____ Entries supplied

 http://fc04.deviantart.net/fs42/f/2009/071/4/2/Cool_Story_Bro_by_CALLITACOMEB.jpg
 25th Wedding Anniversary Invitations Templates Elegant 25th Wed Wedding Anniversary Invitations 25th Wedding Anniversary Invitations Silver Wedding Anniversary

________
____ Entries supplied

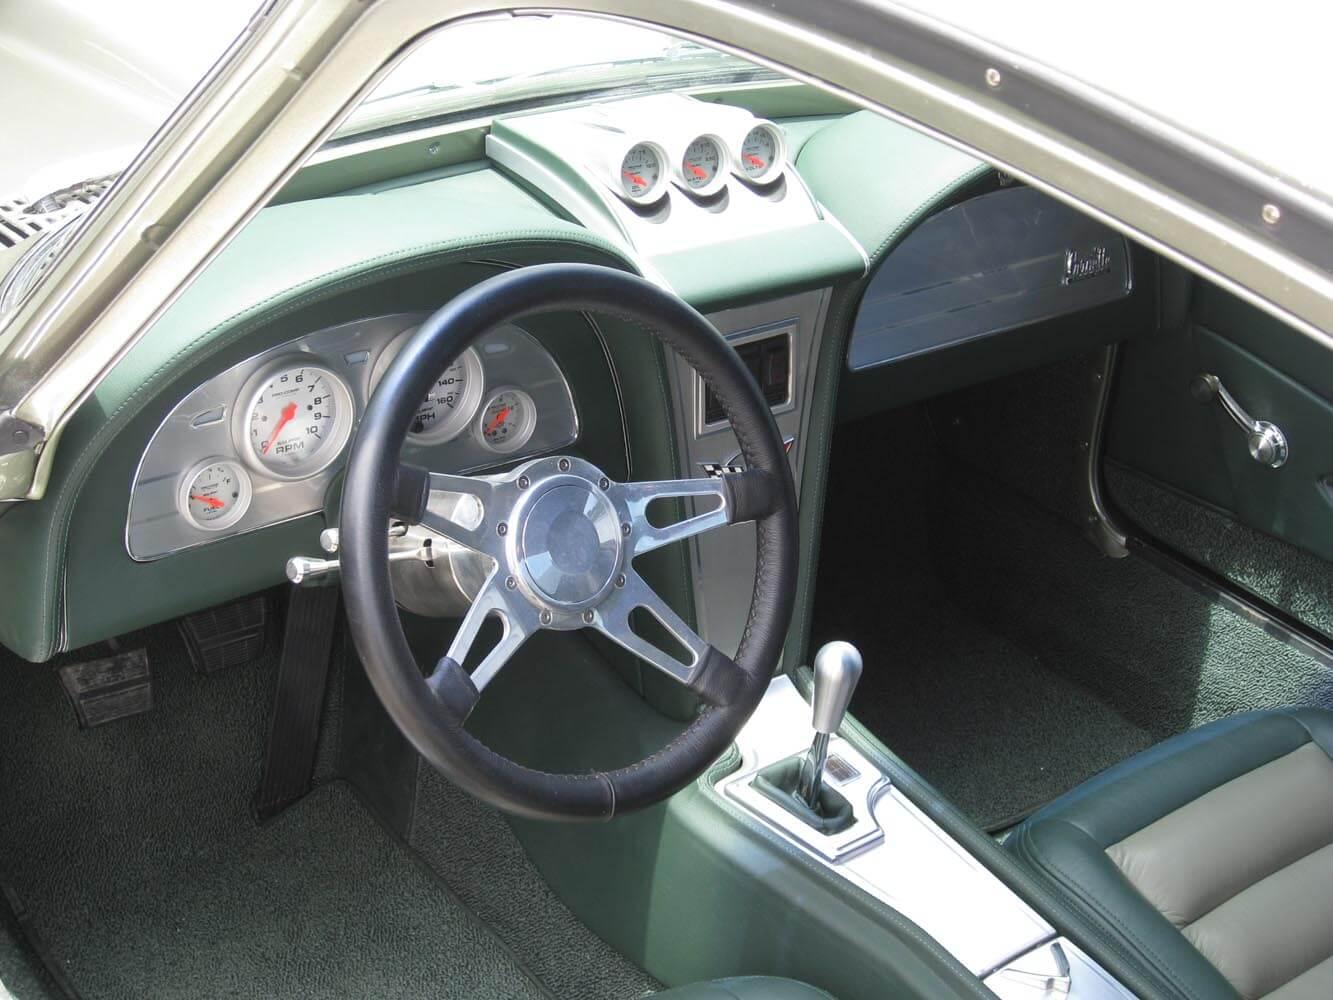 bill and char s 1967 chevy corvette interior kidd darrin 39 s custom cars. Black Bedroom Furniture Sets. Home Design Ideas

________
____ Entries supplied

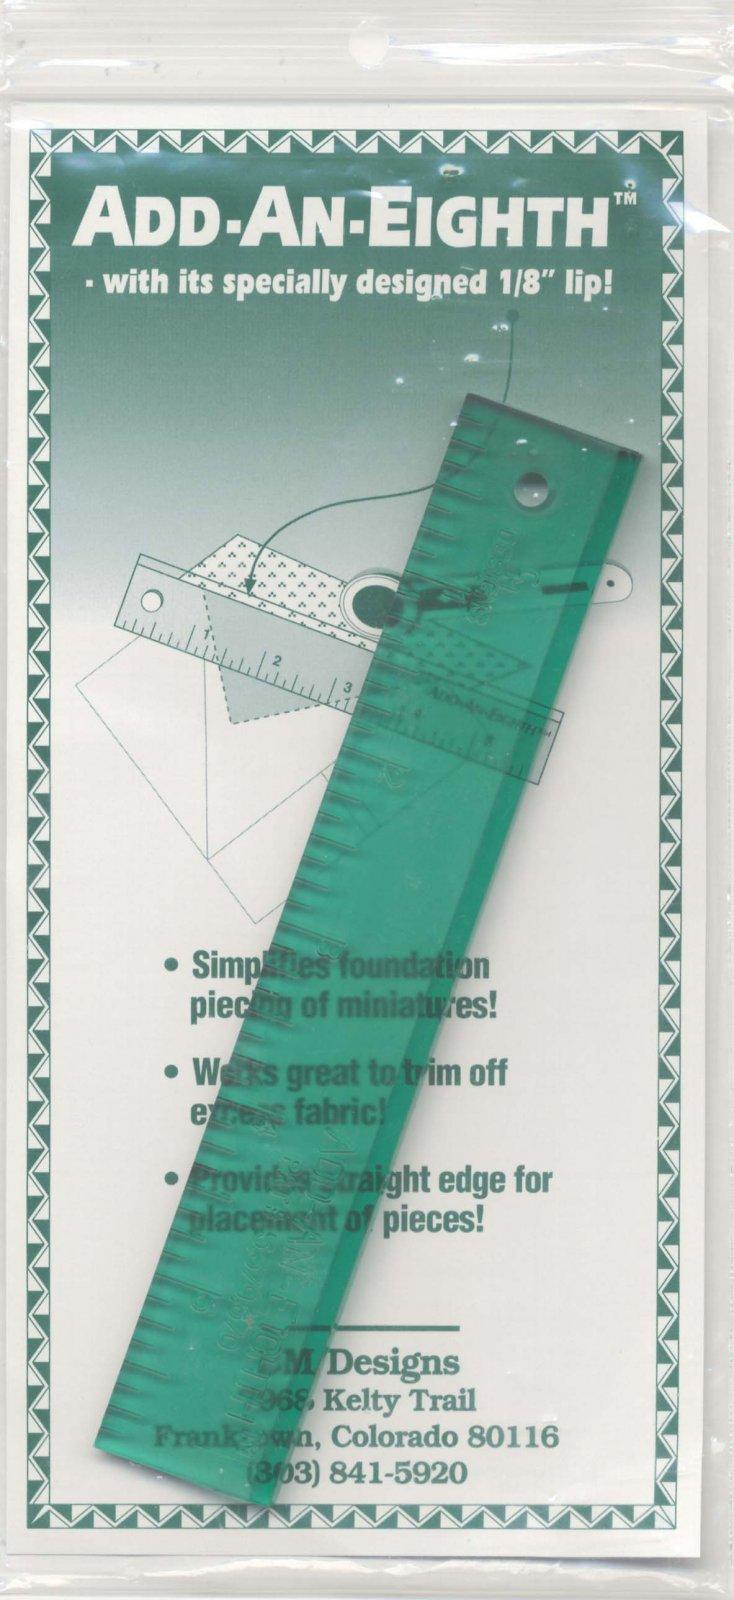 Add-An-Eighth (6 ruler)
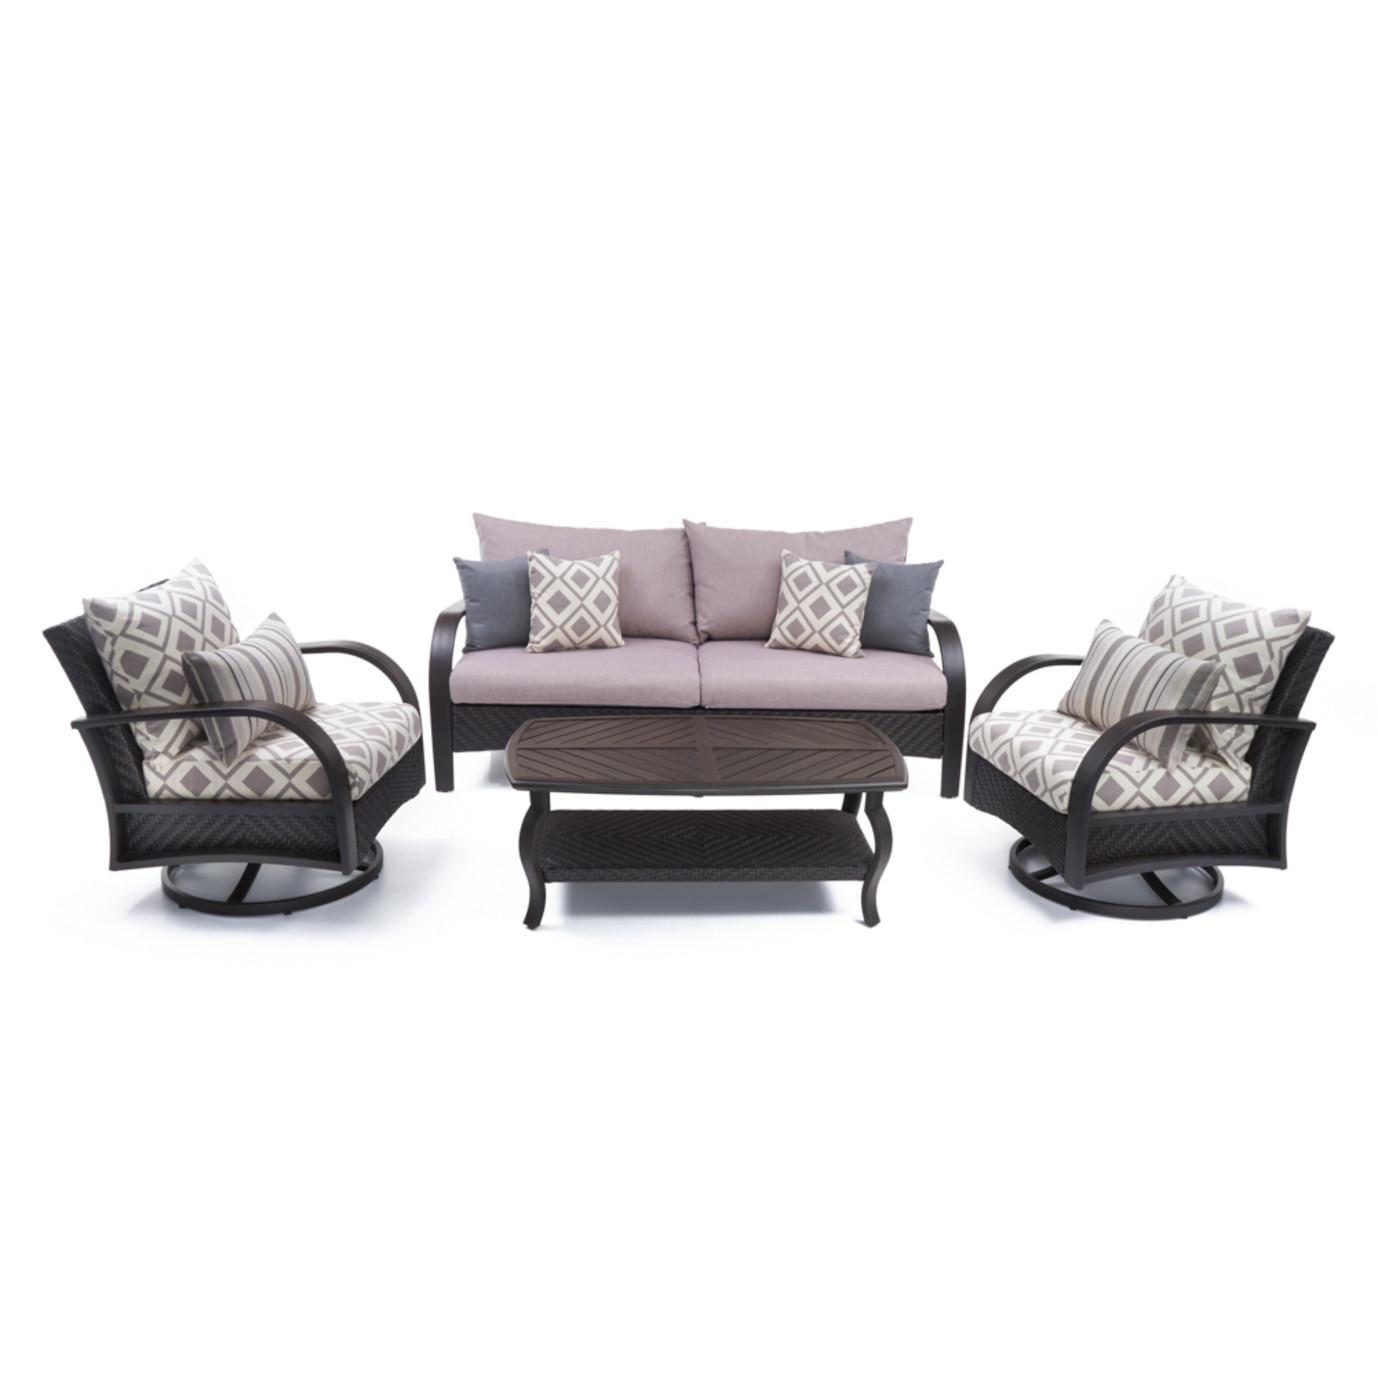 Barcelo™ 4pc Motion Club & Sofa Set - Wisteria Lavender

________

■ **Task to carry out**:
Up in the listing, locate the line with "Add-An-Eighth (6 ruler)"; print it and every line after it down to the line with "Barcelo™ 4pc Motion", which is included too. Skip the pictures.

■ **Task solution**:
 Add-An-Eighth (6 ruler)
 Barcelo™ 4pc Motion Club & Sofa Set - Wisteria Lavender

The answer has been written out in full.